Before the winter fire, I will still be dreaming
I have no thought of time
For who knows where the time goes?
Who knows where the time goes?
Sad, deserted shore, your fickle friends are leaving
Ah, but then you know it’s time for them to go
But I will still be here, I have no thought of leaving
I do not count the time
For who knows where the time goes?
Who knows where the time goes?
And I am not alone while my love is near me
I know it will be so until it’s time to go
So come the storms of winter and then
The birds in spring again
I have no fear of time
For who knows how my love grows?
And who knows where the time goes?

-Sandy Denny

melissa: 1994, aka ongoing life during a pandemic

Lately, I find myself hanging out a lot in 1994.

“You’re really on a Counting Crows kick lately, huh?” my husband asked in the car, as we drove to Target to get our drive up order. You know, the family outing du jour of 2020.

“What?” I asked, humming absent mindedly to Round Here (Track 1, August and Everything After), as we pull into pick up parking spot 2. “Oh? Yes, yeah. I am. 1994 was a better time,” I said in response. 

“Better?” he questioned. 

Hmm. “No. Not better. Easier. And now, familiar,” I said. 

He nodded.

When I’m not pulling into the Target Drive Up while humming along to my music, sometimes I dabble in 2005. How many times can one person watch The Office? Unclear. I’ll report back when I know. Prison Mike reminds me that the Dementors made jail really scary, and that Dwight is still running his beet farm bed and breakfast. “5/5 stars, that bed and breakfast,” I think. “Would definitely recommend.”

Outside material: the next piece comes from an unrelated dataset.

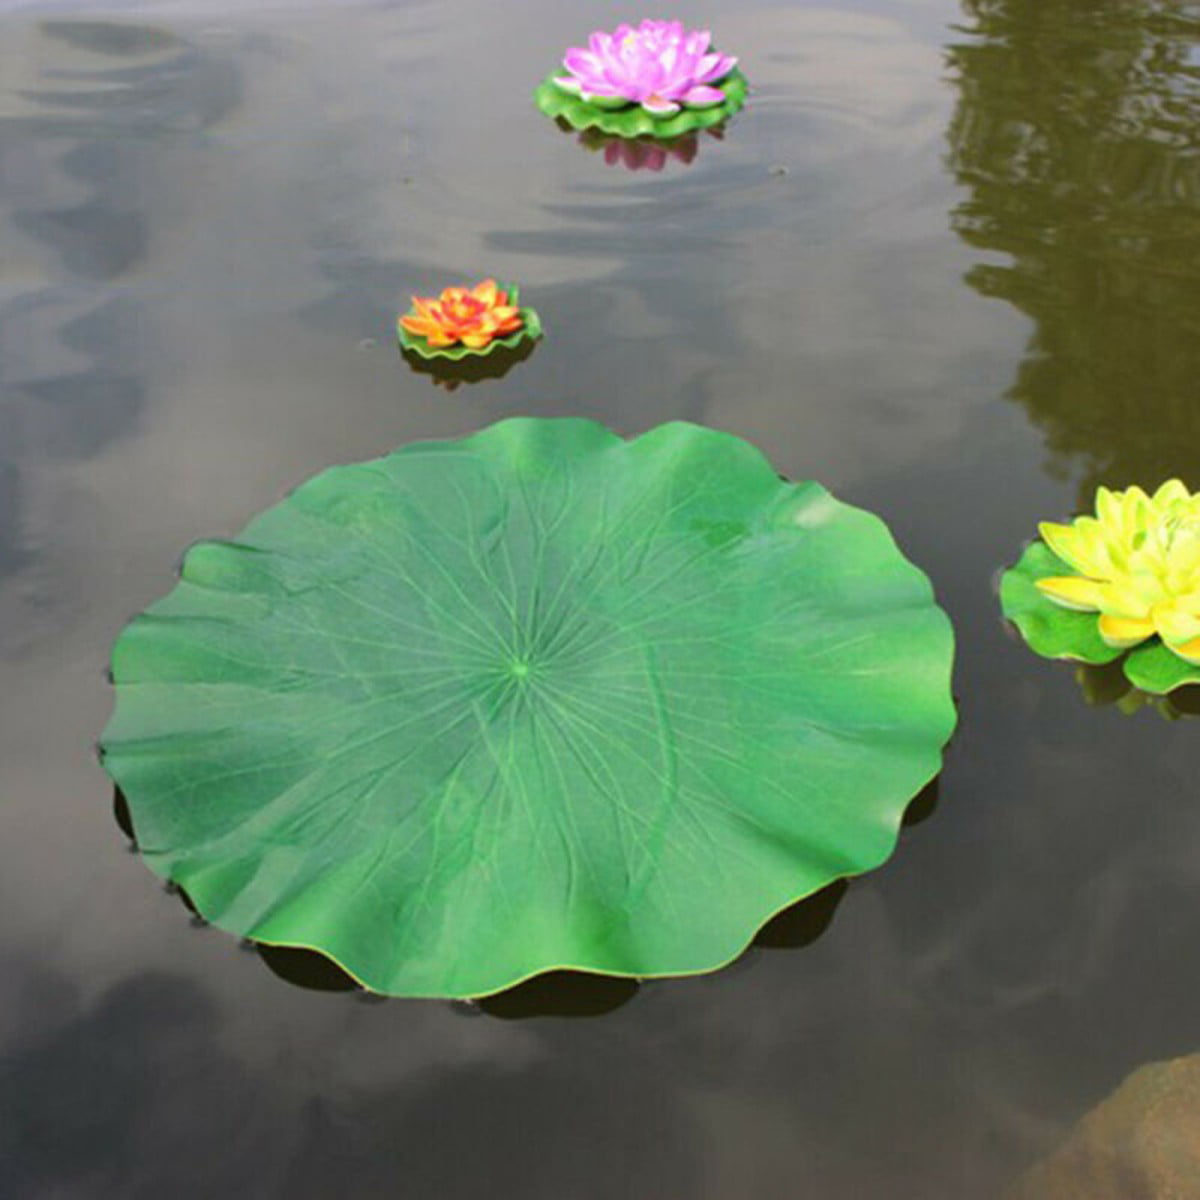 Details about   6PCS Artificial Fake Lotus Leaf Flowers Water Lily Floating Pool Plants Decor

When I want to feel extra cozy, I hang out in 1987. I read the same boards to my daughter that my parents read to me when I was younger. Peter Rabbit is still hanging out in the neighbor’s garden, apparently still eating his carrots. Winnie the Pooh is still with his nearest and dearest in the Hundred Acre Woods. “Good for them,” I think. “I bet it’s a lovely day hanging out on that bridge with Christopher Robin and a perfect time for a ‘smackeral of hunny.’ ”

My husband has joined into my memory musings recently, and pulled out his Magic of Walt Disney World book from 1992. We showed our daughter pictures of this magical place that used to be open every day of the year to millions of loving fans. There’s a picture of Mickey Mouse and all his friends, hugging his guests at the happiest place on Earth. There’s Figment and his wonderful imagination (with that catchy song I can still sing on command). As I look at the photos, I think, “What ride will I go on first when we can return? Haunted Mansion? Or will my family see a miraculously short line at Peter Pan in Fantasyland?” I continue to ponder. “I just won the Super Bowl, I’m going to Disneyland.” I smile and laugh, as the retro commercial suggested to us many moons ago.

While I wouldn’t describe myself as a particularly nostalgic person, I find myself in a loop of familiarity lately. The cozy cocoon of the past wraps around me. Predictable and comforting. I know exactly what to expect when track 1 begins playing. I know where Piglet is, and what Eeyore will say. I know “It’s a Small World After All” is an ‘ear worm,’ as my dad says, that you never want to forget (and, honestly, you couldn’t even if you tried). I give myself the freedom to sit in the familiar as often as I want to these days. I like knowing what Michael Scott is going to say next, and that I will laugh as hard this time as the first time I heard it. I’m not dwelling in the past, but rather reveling in the known, in the present moment. What a joy, I think, that the past can now anchor us to the present. Uncertainty of quarantine be damned, I’m going to put on Mr. Jones and sing with my whole heart. I know each and every word, since 1994, folks. I’ll sing, and I might even be wearing Mickey ears at the same time.